生没年月日【注】 明治21年/1888年12月26日~昭和23年/1948年3月6日
在任期間 第1回~第16回(通算8年・16回)
在任年齢 46歳6ヶ月~54歳0ヶ月
経歴 本名=菊池寛(キクチ・ヒロシ)。
香川県生まれ。京都帝大文科大学英文科卒。
一高在学中に芥川龍之介らに接し、大正3年第3次『新思潮』、大正5年第4次『新思潮』に参加。
同誌に戯曲「屋上の狂人」「父帰る」などを発表した。
大学卒業後に、時事新報社入社。
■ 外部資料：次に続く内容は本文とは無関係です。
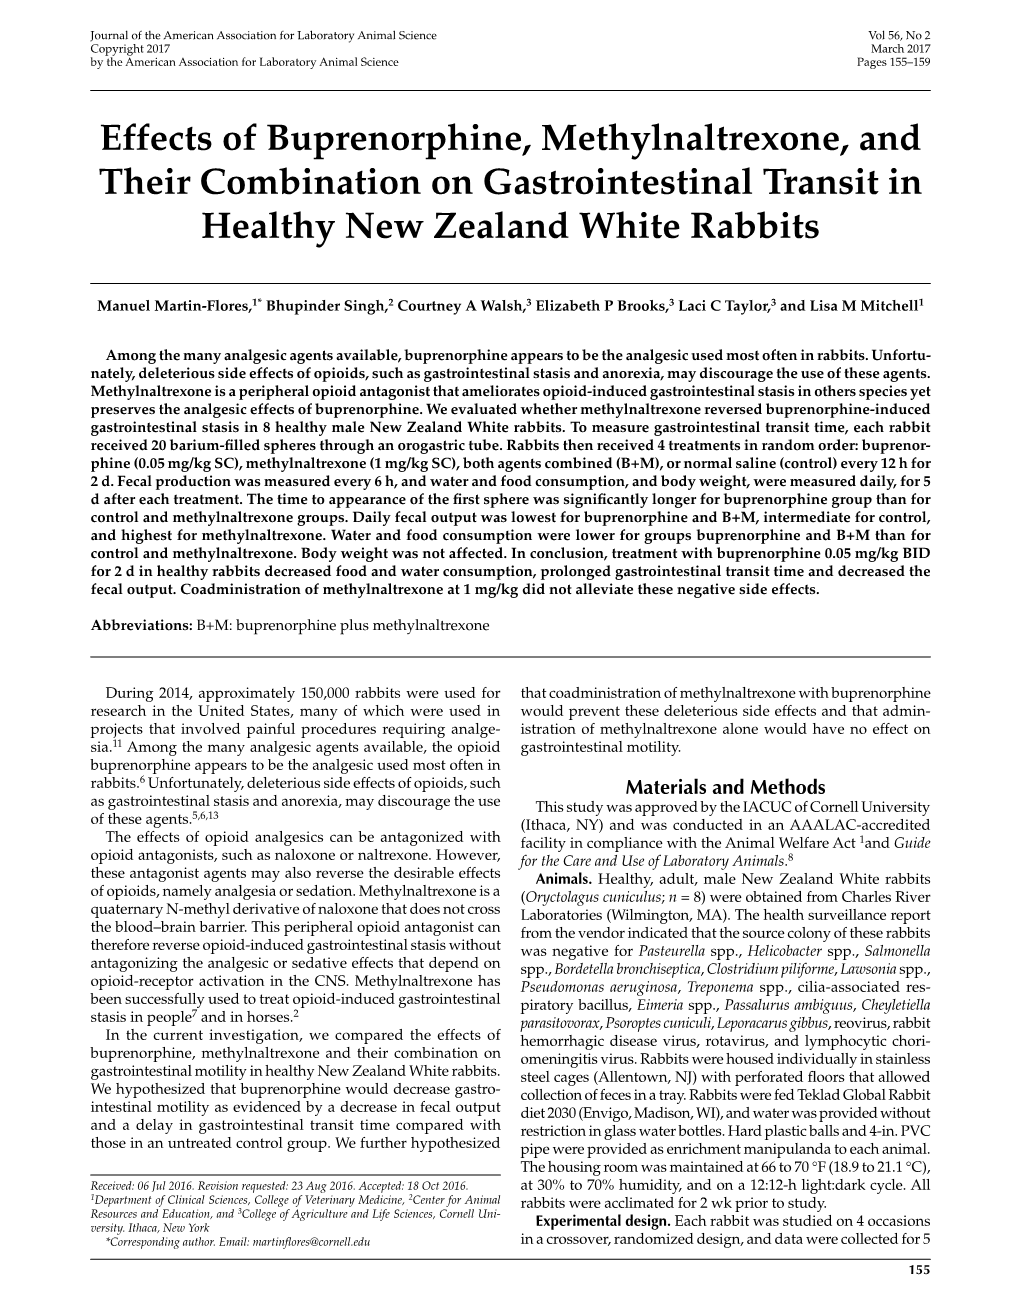 Effects of Buprenorphine, Methylnaltrexone, and Their Combination on Gastrointestinal Transit in Healthy New Zealand White Rabbits

「無名作家の日記」「忠直卿行状記」「恩讐の彼方に」などの小説で、作家として認められる。
大正12年/1923年、文藝春秋社を創立し『文藝春秋』創刊。
大正15年/1926年、劇作家協会と小説家協会を合併するかたちで日本文芸家協会を組織し、昭和11年/1936年に初代会長に就任した。
戦時中、日本文学報国会や大東亜文学者大会の役員を務め、戦後、公職追放をうけたまま逝去。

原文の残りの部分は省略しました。